Il venditore di pentole

By 15 Maggio 2013Extraordinary

Questo è il modo in cui alcuni chiamano Anthony Robbins, il signore che il week end scorso ha messo in aula ancora 5 mila persone per un corso con 9 lingue tradotte in simultanea.

Personalmente lo considero un grande. Lo so, sono di parte. È il mio “primo amore”, a lui devo la mia scoperta della PNL, del Coaching, delle Dinamiche a Spirale e non meno importante di Nancy, mia moglie. Di fatto ha cambiato la mia vita completamente e in meglio, molto meglio.

Guardandolo lavorare imparo sempre qualcosa. Ho fatto questo corso 19 volte in 22 anni ma porto sempre qualcosa di nuovo a casa.

Mentre ero in aula pensavo a chi lo critica, spesso pesantemente. “Venditore di pentole” è uno degli appellativi che preferisco tra quelli che gli danno. Gli viene dato da alcuni formatori che lo criticano di essere troppo commerciale e troppo “manipolatore” dal punto di vista emotivo. Ovviamente chi lo critica ha poche persone nelle sue aule nonostante, anche lui, cerchi di usare l’emotività per vendere.

Altri contestano il suo egocentrismo, anche in questo caso chi contesta copia i modi di Robbins, nella speranza di avere gli stessi risultati e notorietà.

La più affascinante è la critica sui soldi. Per qualche ragione il fatto che lui guadagni molto infastidisce l’esercito di coloro che guadagnano meno di quello che desiderano.

Lo so è la vita, l’essere umano tende a criticare invece che apprezzare.

So anche che io non sono oggettivo, ho troppa stima e affetto per Tony. Dopotutto in questi 22 anni mi ha dato e insegnato moltissimo…

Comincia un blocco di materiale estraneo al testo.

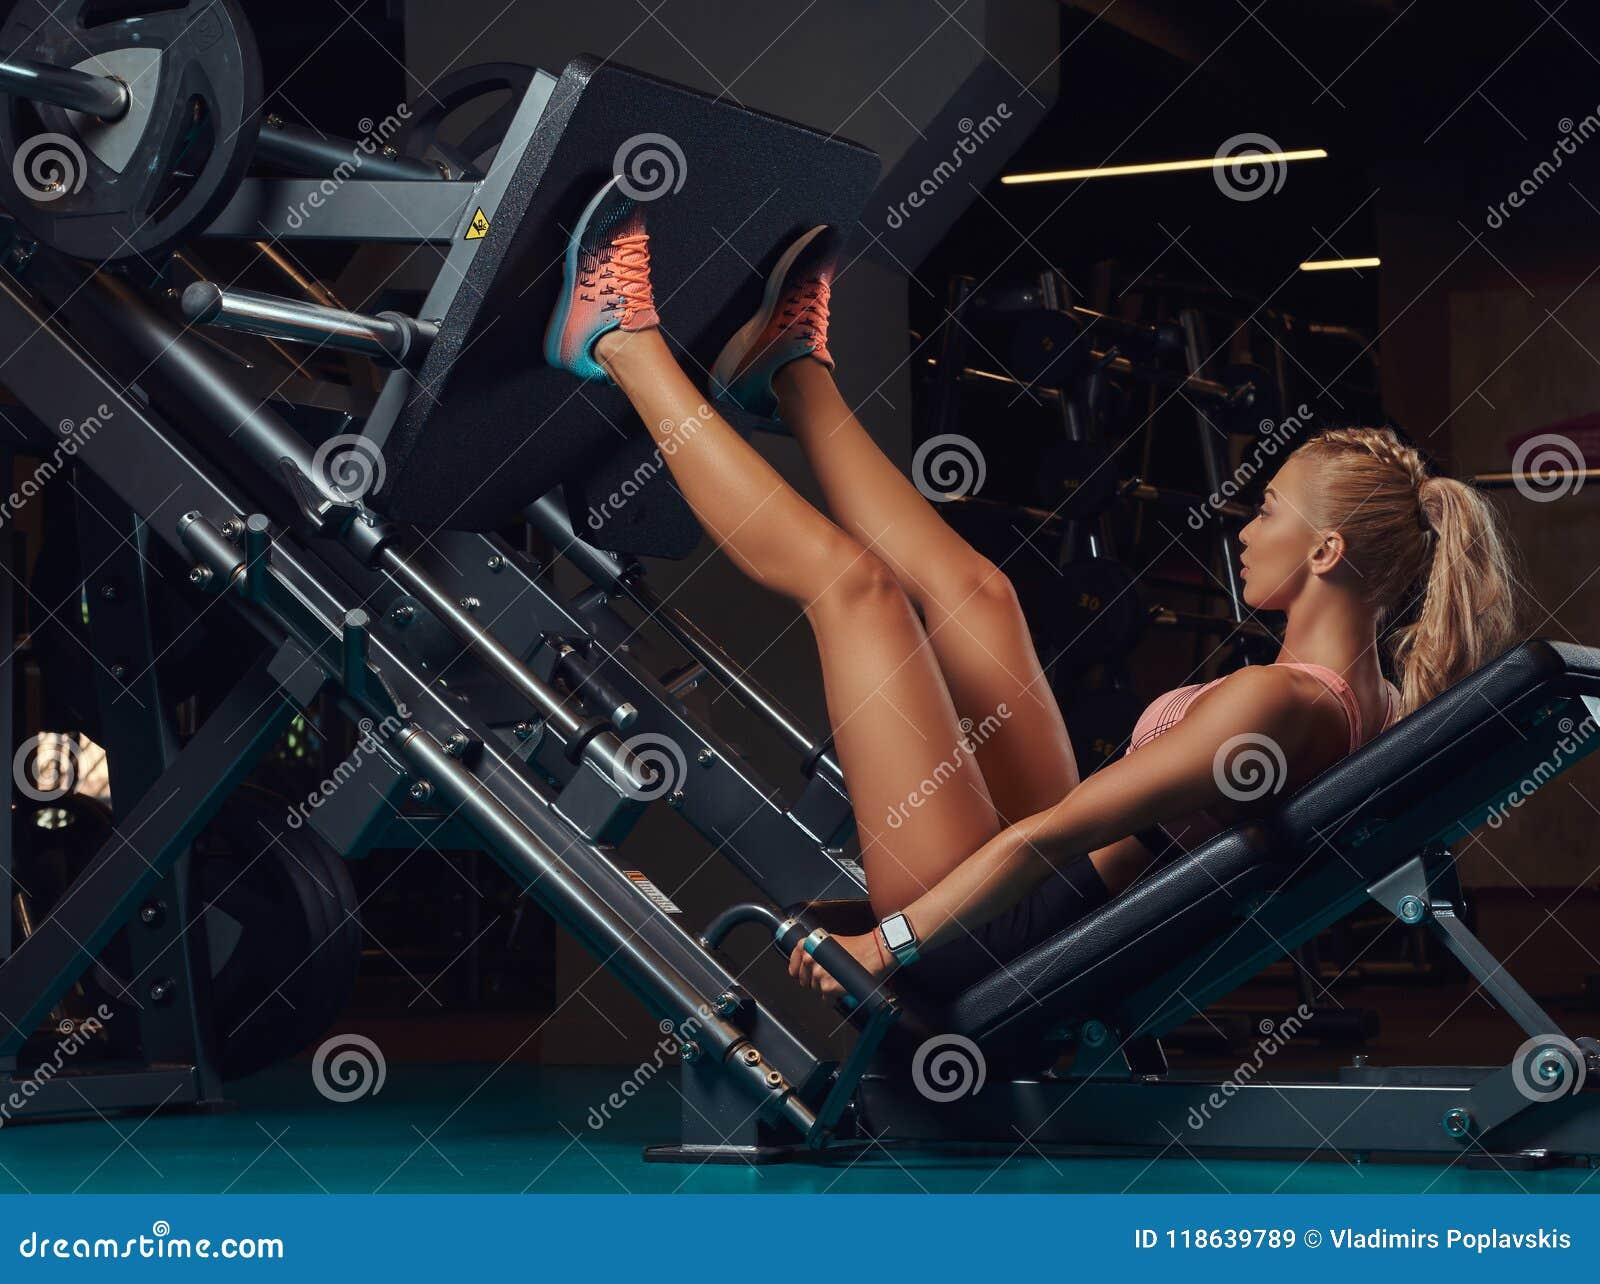 Beautifull做在腿的运动服的健身妇女锻炼按在健身房的机器

Ho detto che lo considero un grande. Grande nei suoi pregi come nei suoi difetti. Ho l’onore di conoscerlo bene e da tanto tempo, so che è umano e quindi non perfetto. Non mi piace tutto di lui o di ciò che fa. Ma come mi hanno insegnato cerco di vedere quello che ha e fa di buono, così cresco.

Poi parto da un presupposto. Lui ha più risultati di me in molte aree di vita.

È sano, più della maggior parte delle persone che lo criticano.

È un professionista di successo, guadagna tanto e affianca persone di alto calibro come Bill Clinton, Serena Williams, Donna Karan, Oprah Winfrey… cosa che i suoi detrattori sognano la notte.

Harvard lo ha definito uno dei 200 business guru al mondo, American Express uno dei 10 migliori leader per portare un’azienda al livello successivo e Accenture uno dei 50 migliori intellettuali nel mondo per il business.

È felicemente sposato e si gode la vita personale, qui evito di fare commenti su chi dice peste e corna di lui perché si entra in aree troppo personali (e dovrei dire cose che non tutti sanno).

Chiudo con una considerazione, ovvia ma spesso dimenticata.

Quando qualcuno che ha più successo di te, cioè produce risultati migliori, ma non ti piace, non sarebbe meglio dire non mi piace e basta invece di criticare con mediocrità?

Lo so, criticare fa stare meglio apparentemente, ti senti meno inferiore o chissà cosa.

Ci sono cantanti o band bravissimi che non mi piacciono, per genere di musica, simpatia o qualcos’altro. Rispetto il fatto che sono bravi e ascolto altro.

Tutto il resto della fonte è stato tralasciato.